The most significant difference between both models for soil-related data is, that the INSPIRE model provides two subtypes for the soil profile feature type (observed and derived soil profile), which are missing in the ISO model. There is only one type of soil profile in the ISO model that can be used in both ways, in so far as a connection between soil profile and plot information is provided or the soil profile is directly linked to a soil mapping unit representing geometry in a soil map. Furthermore, the INSPIRE model allows to specify from which observed soil profiles a derived soil profile was made what is not feasible in ISO. Feature types for providing soil information as raster data are not included in the ISO model. On the other hand, ISO provides feature types for project information and soil samples that are missing in INSPIRE.

These differences are due to the diverging approaches. INSPIRE focuses on data products and their use, as well as the delivery of data to the users. ISO aims to data exchange in a wide range, even for scientific use. Both models need extension by the data provider regarding definition of parameters, which is rather simple with ISO, whereas there are more formal procedures in INSPIRE.

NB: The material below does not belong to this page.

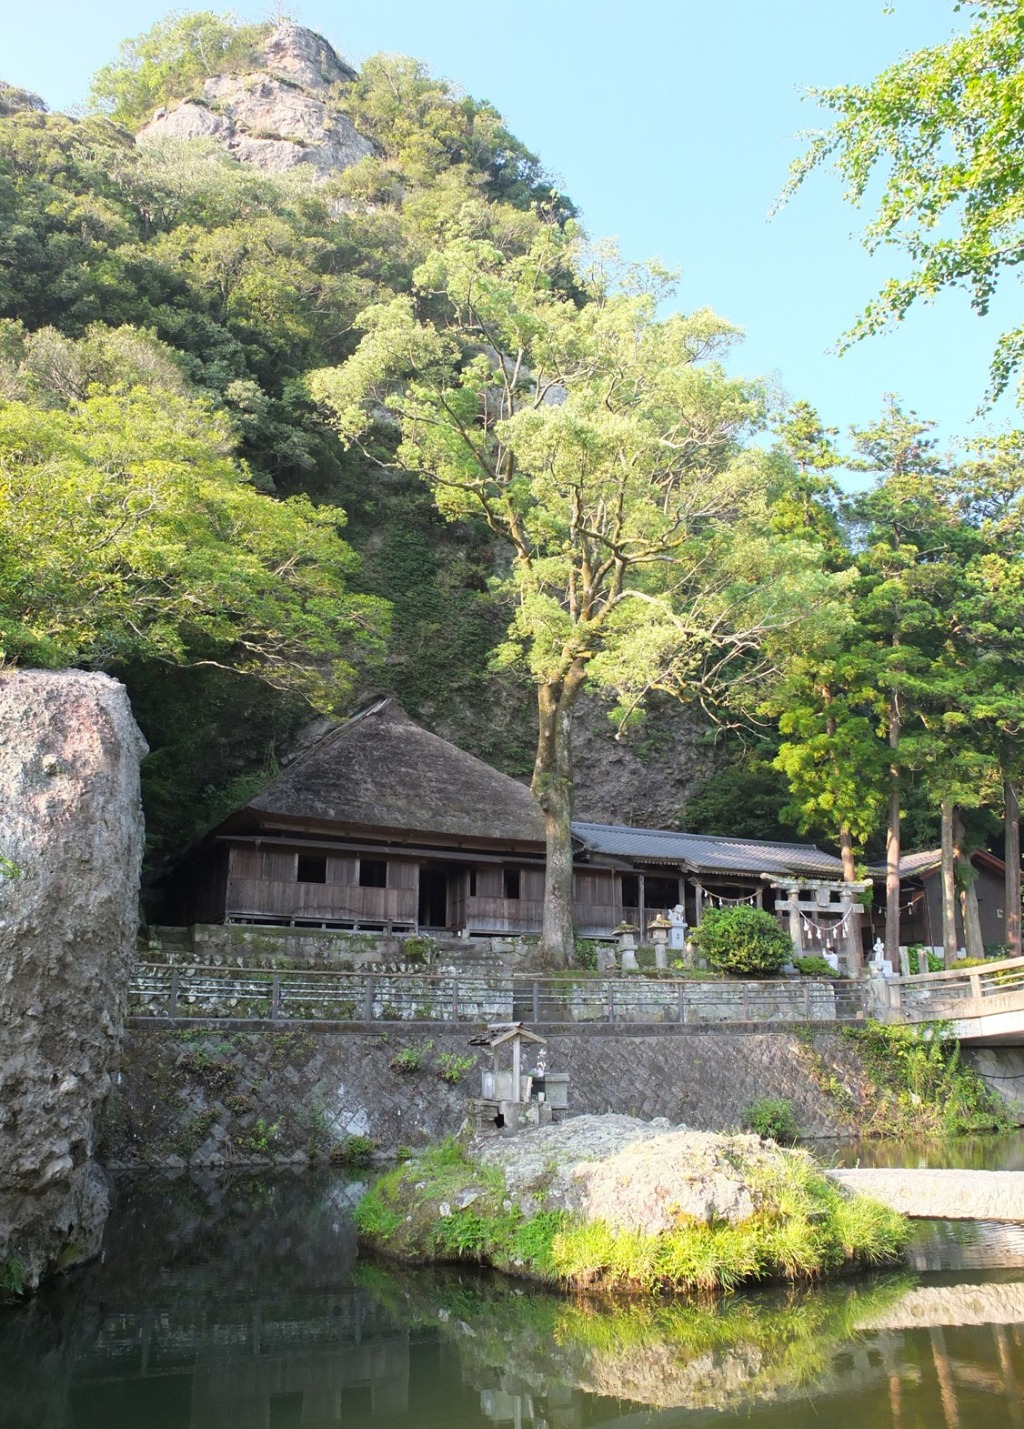 Le sentier de Ten-nen-ji-yaba

# Relation between OGC and ISO standards

In the field of data exchange formats OGC and ISO developed standards in cooperation. As a result, these standards are double branded or divided into different parts with regard to contents. These standards do not compete with each other and have a broad acceptance.

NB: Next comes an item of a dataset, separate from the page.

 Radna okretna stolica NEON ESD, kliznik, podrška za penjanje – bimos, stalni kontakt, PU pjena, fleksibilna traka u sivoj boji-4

  • The XML encoding of the OGC standard GML is consistent with EN ISO 19118:2011 and, more specifically, with EN ISO 19136:2020-12 in terms of transport and storage of geographic information. The basic concepts used by GML to model geographic information are drawn from the EN ISO 19101ff series and the OpenGIS Abstract Specification. Current version GML 3.3 is backwards compatible with the previous version 3.2, which is identical to EN ISO 19136:2009.

  • Observations and Measurements Implementation Standard is published in two parts: the conceptual model (in UML) is published as EN ISO 19156:2013, the XML implementation as an independent document by OGC.

# Reference

[1] Toth, K. and A. Kucas (2016). Spatial information in European agricultural data management. Requirements and interoperability supported by a domain model. Land Use Policy 57: 64-79.

[2] Pourabdollah, Amir, Didier G. Leibovici, Daniel M. Simms, Piet Tempel, Stephen H. Hallett and Mike J. Jackson (2012). Towards a standard for soil and terrain data exchange: SoTerML. Computers & Geosciences 45: 270–283.

[3] Soil, INSPIRE Thematic Working Group (2013). "INSPIRE data specification on Soil - Draft Technical Guidelines."

[4] Wilson, P., B. Simons and A. Ritchie (2014). Opportunities for information model driven exchange and delivery of GlobalSoilMap data and related products. GlobalSoilMap. D. Arrouays, N. McKenzie, J. Hempel, A. Forges and A. McBratney, CRC Press: 473–476.